Il ladro di bambini tristi




Recensione di Simona Vallasciani


Autore: Belinda Bauer

Editore: Marsilio

Traduttore: Fabio Zucchella

Pagine: 441

Genere: Thriller

Anno di Pubblicazione: 2018

In alcuni casi si rivela non essere tutto oro ciò che luccica, altre volte invece ottengo addirittura più di quanto mi ero immaginata. “Il ladro di bambini tristi” rientra senza dubbio nella seconda categoria.

Dopo il successo di “Blacklands” e “Negli occhi dell’assassino”, la scrittrice e sceneggiatrice britannica Belinda Bauer conclude la trilogia con un vero coup de theatre, creando un thriller che fin dalle primissime pagine, anche senza necessariamente aver letto i due capitoli precedenti, si rivela incredibilmente intrigante e capace di rimanere impresso nella mente.

Ritroviamo i personaggi che avevano caratterizzato i capitoli precedenti: Steven Lamb, il bambino sopravvissuto diventato ormai un ragazzo, Jonas Holly, il poliziotto che dopo la morte della moglie si è chiuso totalmente nel suo mondo di oscurità e depressione, e l’ispettore Richards che, dopo aver fallito la promessa fatta al collega di trovare l’assassino della moglie, cerca di riscattarsi in un nuovo complicatissimo caso che vede come fulcro il rapimento di cinque bambini.

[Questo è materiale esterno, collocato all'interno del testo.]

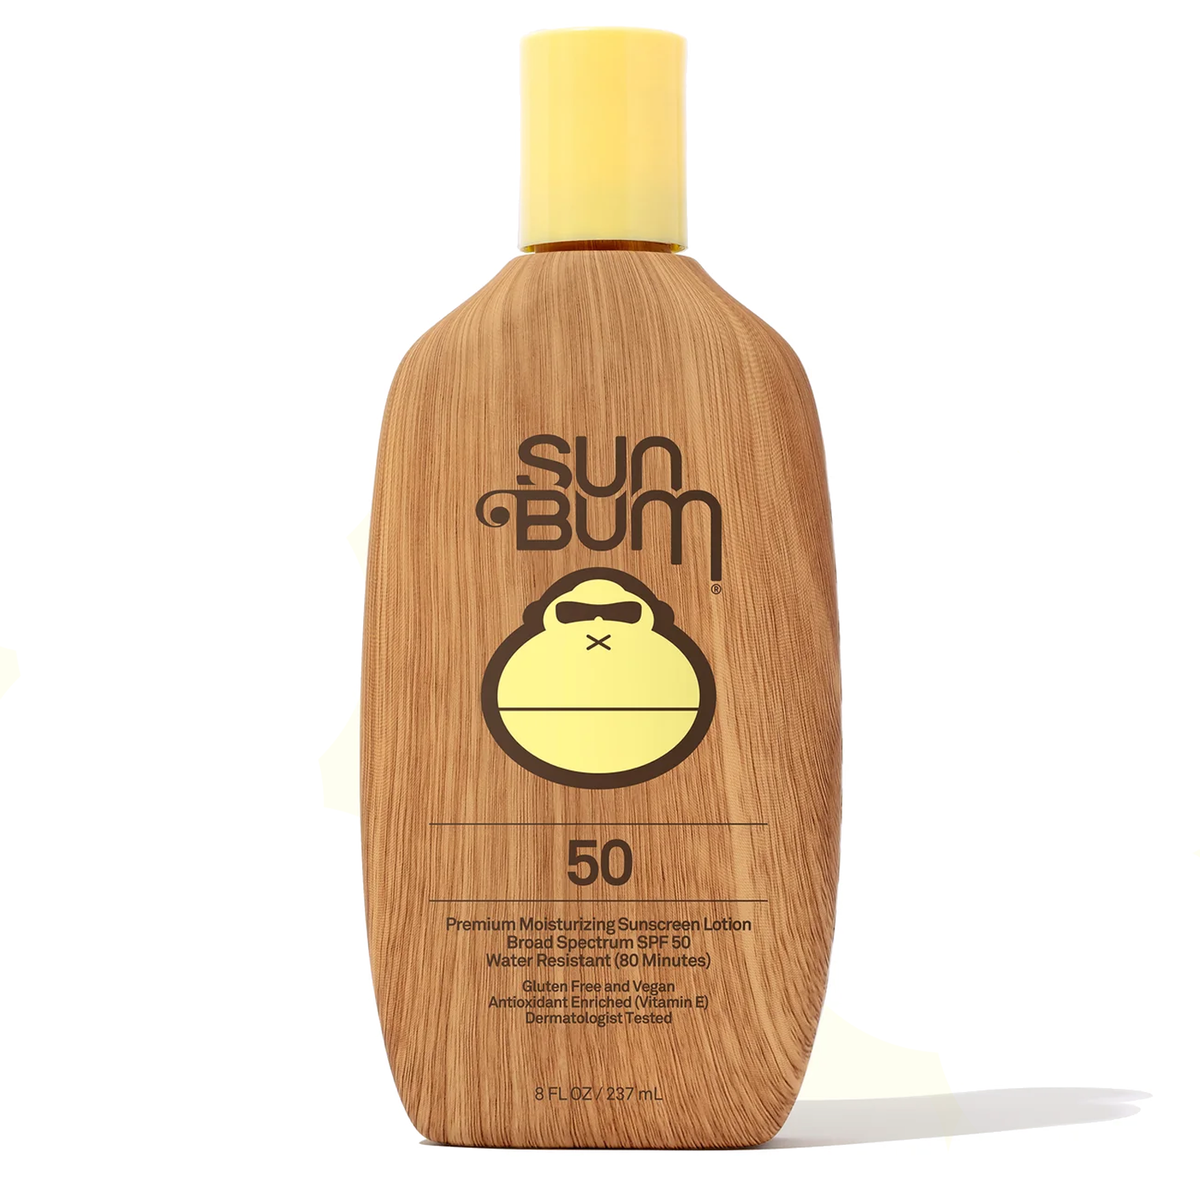 Protección solar Sun Bum SPF 50 original

Sono spariti la figlia adolescente del guardiacaccia John Took, il figlio di una coppia di turisti, il figlio speciale del maestro Peach e due tranquille e dolci bambine.

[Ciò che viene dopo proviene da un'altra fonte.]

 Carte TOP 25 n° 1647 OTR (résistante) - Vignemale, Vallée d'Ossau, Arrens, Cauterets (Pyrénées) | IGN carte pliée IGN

Le vittime sembrano non avere nulla in comune a parte il fatto che il loro aguzzino, soprannominato quasi immediatamente “il Pifferaio”, li ha rapiti mentre attendevano all’interno delle auto dei genitori o di chi li aveva in custodia per lasciare al loro posto un bigliettino che riporta un inflessibile giudizio “Voi non li amate”.

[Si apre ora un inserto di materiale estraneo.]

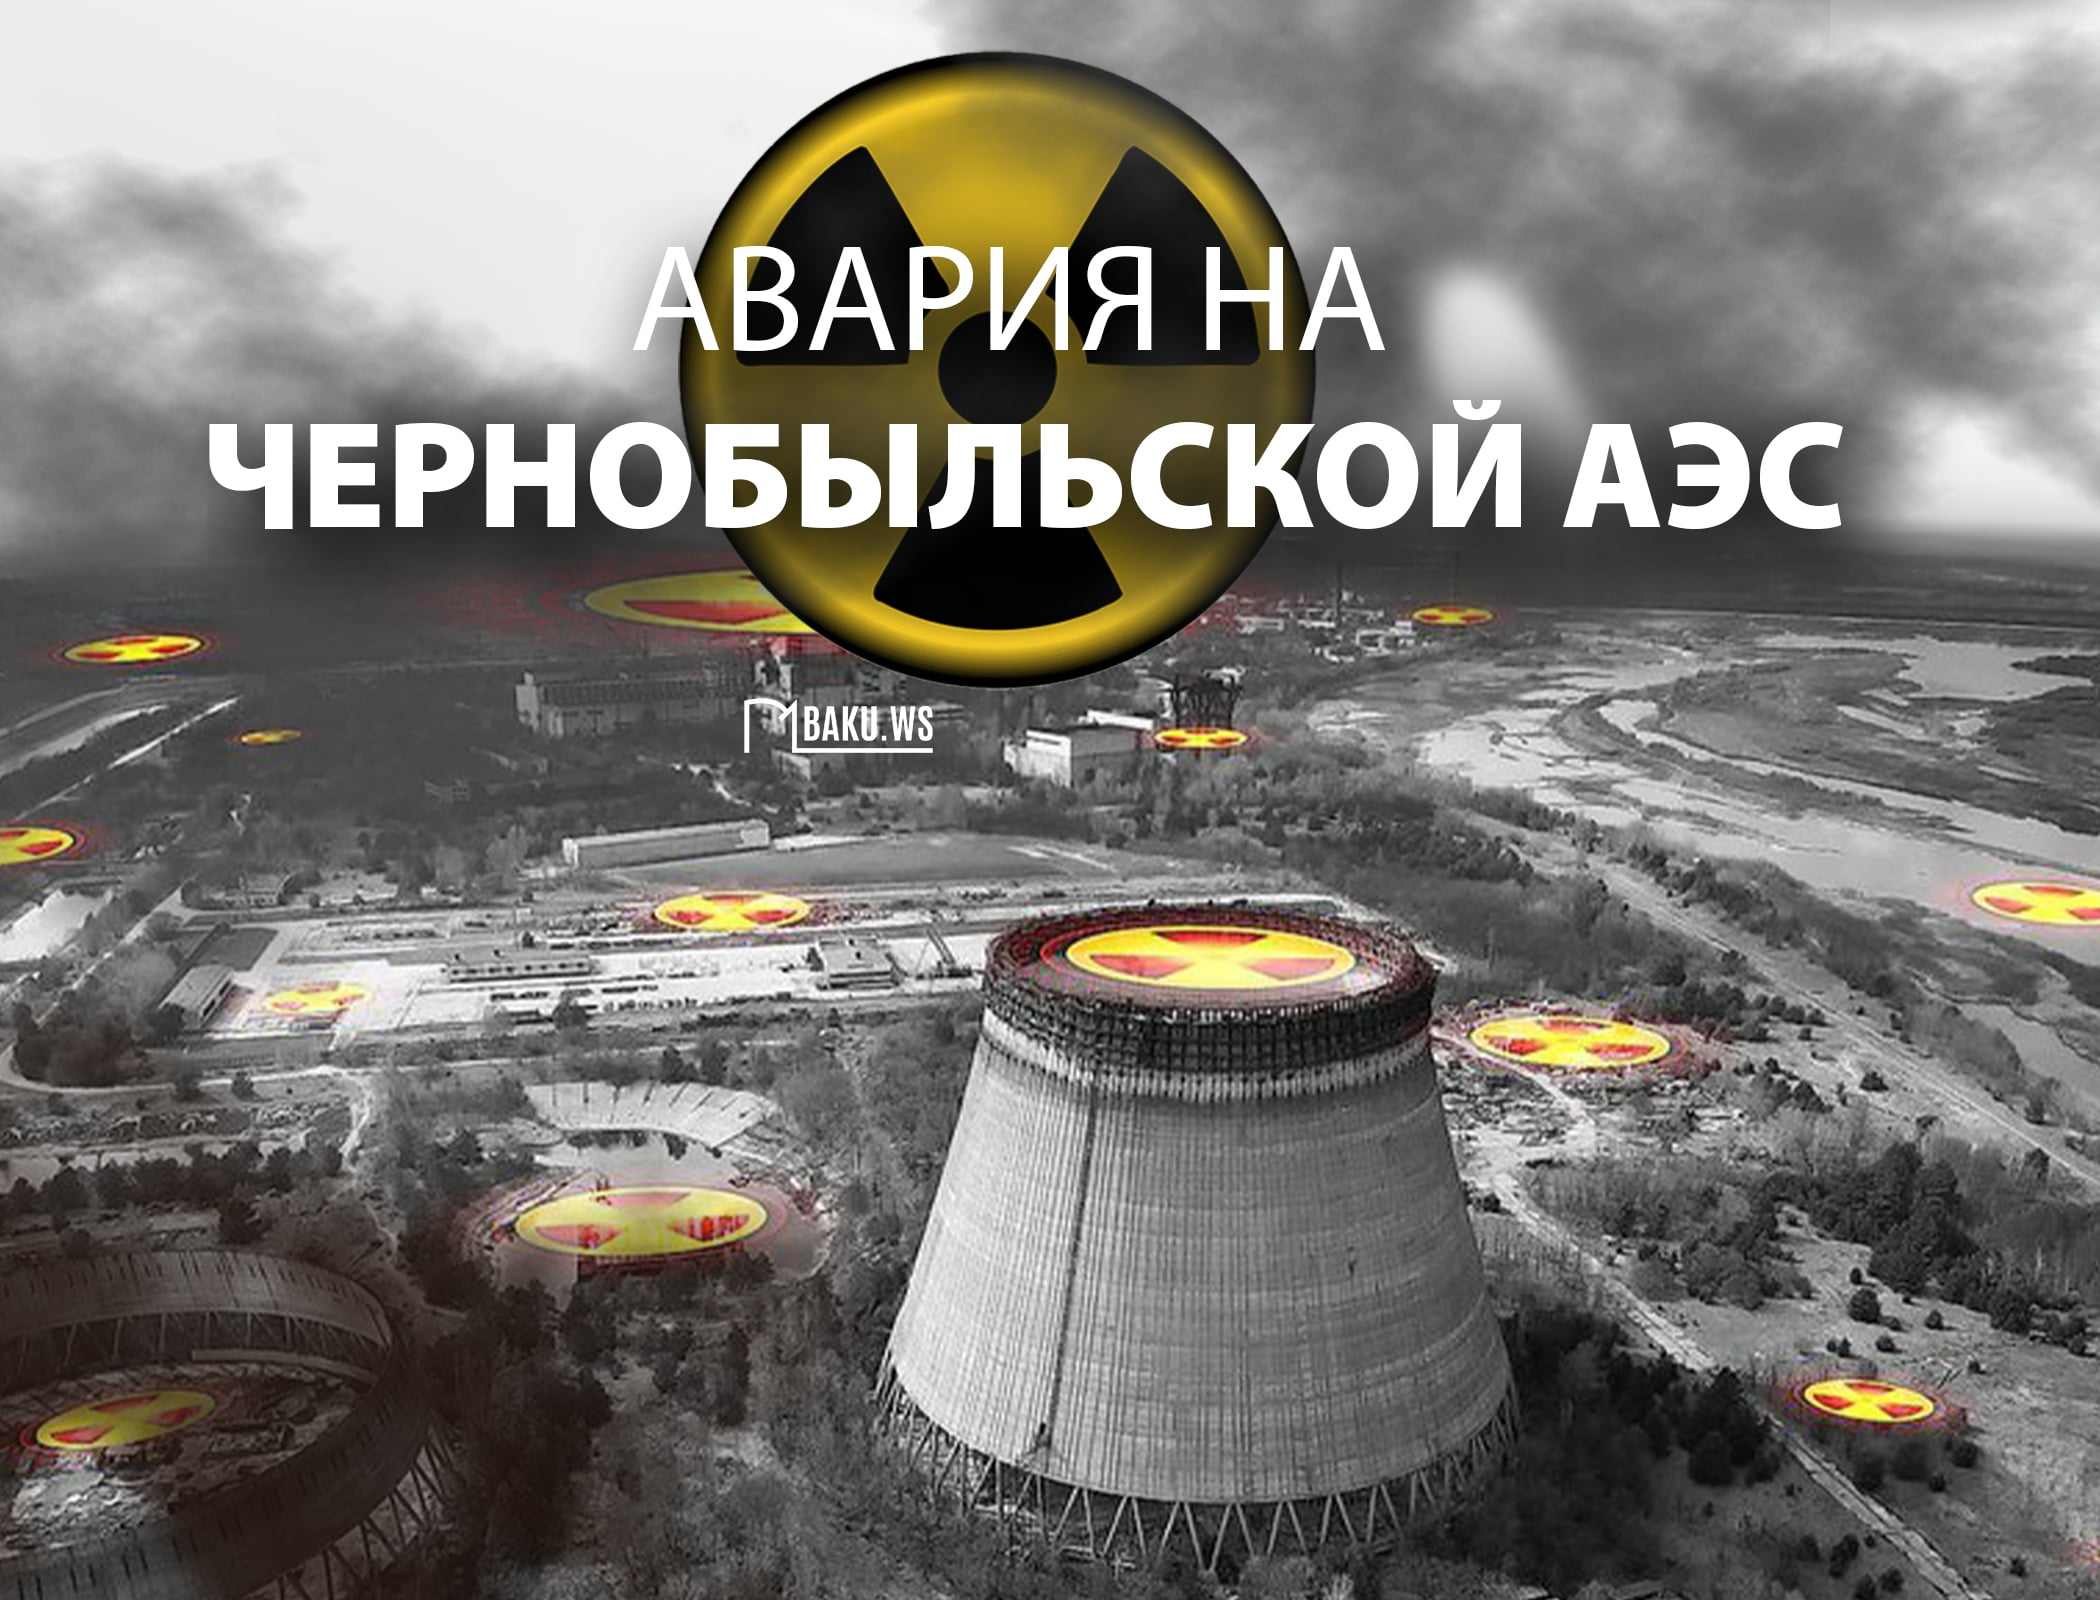 38 лет со дня Чернобыльской катастрофы - одной из крупнейших аварий в истории человечества

In una società basata sulla caccia, dove le persone imparano fin da subito a rimboccarsi le maniche ed obbedire agli ordini dei superiori, il terrore inizia a dilagare sotto forma di una mano guantata venuta a risanare un terrificante torto e portare via ciò che hanno di più caro.

Per buona parte della lettura la narrazione è tranquilla, scorrevole e dotata di un buon stile di scrittura, tranquillità che però viene improvvisamente distrutta quando si viene catapultati all’interno del cuore oscuro della vicenda, quando il Pifferaio si rivela in tutta la sua assurda follia.

Da quel momento in poi il lettore dovrà affrontare una lunga serie di descrizioni a dir poco cruente (forse un po’ troppo, per una persona impressionabile come me) ma assolutamente imperdibili per chi è alla ricerca di veri e palpabili brividi.

Una lettura che non può non sconvolgere e che scava nel profondo dell’animo umano, di tutto ciò a cui un uomo può tenere, e alle conseguenze a cui lo si porta privandolo di esso. Uno dei pochissimi thriller in cui si può addirittura arrivare a fare ciò che mai si sarebbe immaginato, ossia comprendere le azioni dell’assassino.

Belinda Bauer


È nata in Inghilterra il 24 dicembre 1962 ma è crescita prima in Sudafrica e poi a Cardiff dove ha iniziato a lavorare come giornalista e sceneggiatrice, aggiudicandosi un Bafta dedicato agli autori emergenti inglesi per la sceneggiatura di “The Locker Room”. Il suo esordio in letteratura è avvenuto nel 2009 con la pubblicazione di “Blacklands” primo romanzo della trilogia, con cui ha vinto il premio Gold Dagger assegnato alle Crime Writers’ Associasion.